I then booted into the Live CD and ran

bash-5.2# mkdir /x/
bash-5.2# mount /dev/vda4t /x/
bash-5.2# mount /dev/vda2z /x/boot
bash-5.2# mount /dev/vdal /x/boot/efi
bash-5.2# grub2-mkconfig -o /x/boot/grub2/grub.cfg
Generating grub configuration file ...
Adding boot menu entry for UEFI Firmware Settings ...
done

but this didn’t work. Then, I went through the whole chroot process again and that did work.

Do you know of anything that I can do so that I can safely update my system again?
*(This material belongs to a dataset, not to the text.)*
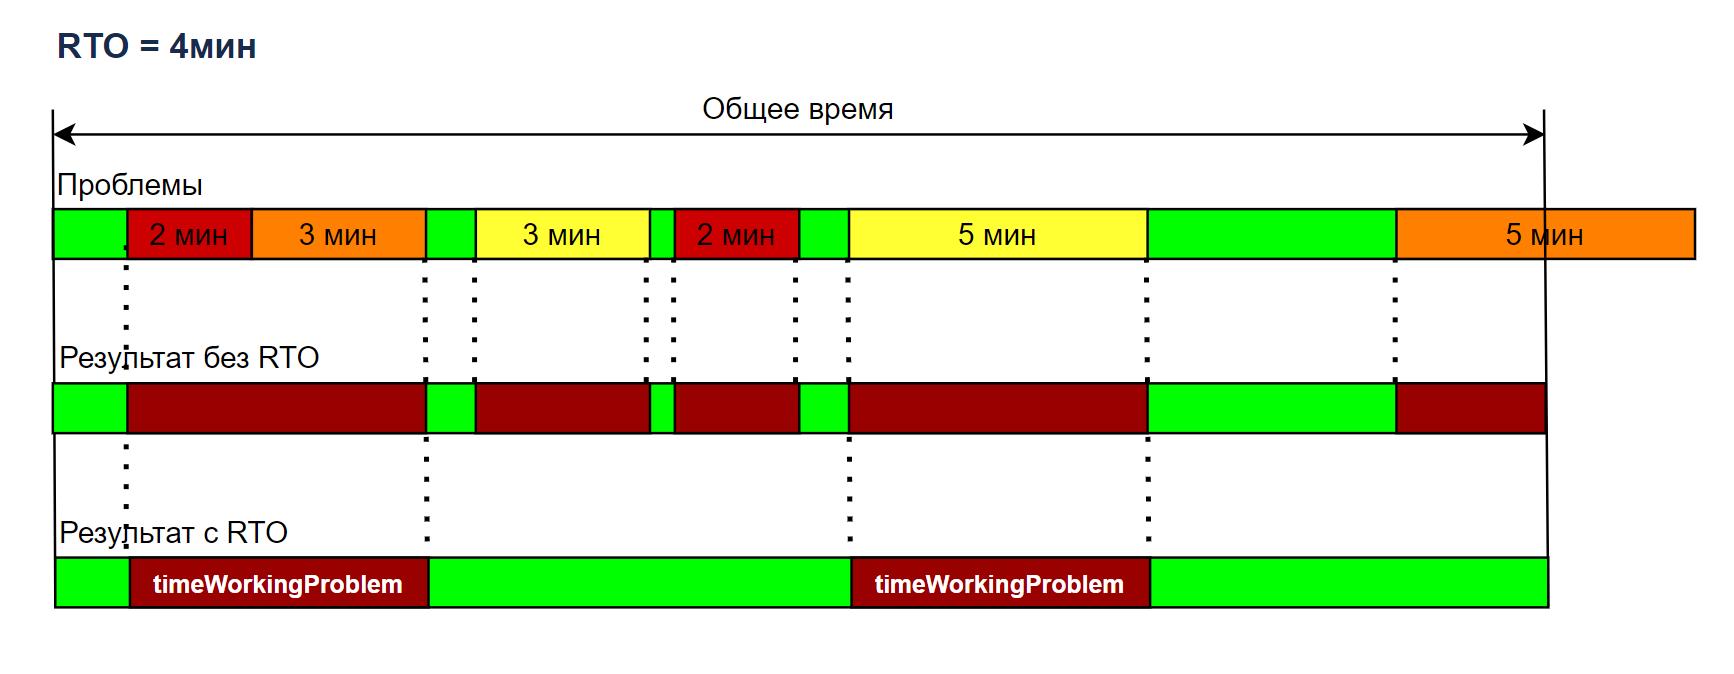 Рис. 2 Пример влияния RTO на расчет функции fProblem(t)

Here’s the system configuration:

$ ostree admin status
* fedora-iot a58285d59b68498413b8f162090b54e69d6f4557ea4a7681d43f4d491f283efe.0
    Version: 41.20241111.0
    origin: <unknown origin type>
  fedora-iot 34457c8e86c0d6d137a53d042aee425f6097183ffb25b39877f433f55a627ce1.0 (rollback)
    Version: 41.20241110.0
    origin: <unknown origin type>
$ sudo bootupctl status
Running as unit: bootupd.service
Component EFI
  Installed: grub2-efi-x64-1:2.12-10.fc41.x86_64,shim-x64-15.8-3.x86_64
  Update: At latest version
No components are adoptable.
Boot method: EFI
$ sudo ostree config get ex-integrity.composefs
yes
$ sudo ostree config get sysroot.bootloader
none
$ cat /etc/default/grub
cat: /etc/default/grub: No such file or directory
$ rpm -q ostree grub2-tools-minimal
ostree-2024.9-1.fc41.x86_64
grub2-tools-minimal-2.12-10.fc41.x86_64

If you can come up with a simple reproducer, you can report the bug on the Fedora IoT issue tracker - Issues · fedora-iot/iot-distro · GitHub

1 Like

In case anyone else runs into this, a solution is to boot into a live CD, run the commands from above:

then reboot into the system, verify that /boot/grub2/grub.cfg is still a file (and not a broken symlink), then run:

 $ sudo chattr +i /boot/grub2/grub.cfg

After you’ve done this, it should be safe to run rpm-ostree upgrade again.


This solution is a horrible hack though, so I’ll try and find a way to reproduce this and file it on the IoT issue tracker.

Ok, I figured out the actual solution here:

$ sudo rm /boot/bootupd-state.json
$ sudo /usr/libexec/bootupd install --auto --with-static-configs --write-uuid /

If this worked correctly, then running

$ sudo tail /boot/grub2/grub.cfg

should show

[...]
# Import user defined configuration
# tracker: https://github.com/coreos/fedora-coreos-tracker/issues/805
if [ -f $prefix/user.cfg ]; then
  source $prefix/user.cfg
fi

blscfg

If it instead shows

[...]
### BEGIN /etc/grub.d/41_custom ###
if [ -f  ${config_directory}/custom.cfg ]; then
  source ${config_directory}/custom.cfg
elif [ -z "${config_directory}" -a -f  $prefix/custom.cfg ]; then
  source $prefix/custom.cfg
fi
### END /etc/grub.d/41_custom ###

then something went wrong.

You should also make sure that both of the following commands show the same UUID:

$ cat /boot/grub2/bootuuid.cfg
$ lsblk --fs | grep '/boot$'

If both of the checks were successful, then everything should be fixed.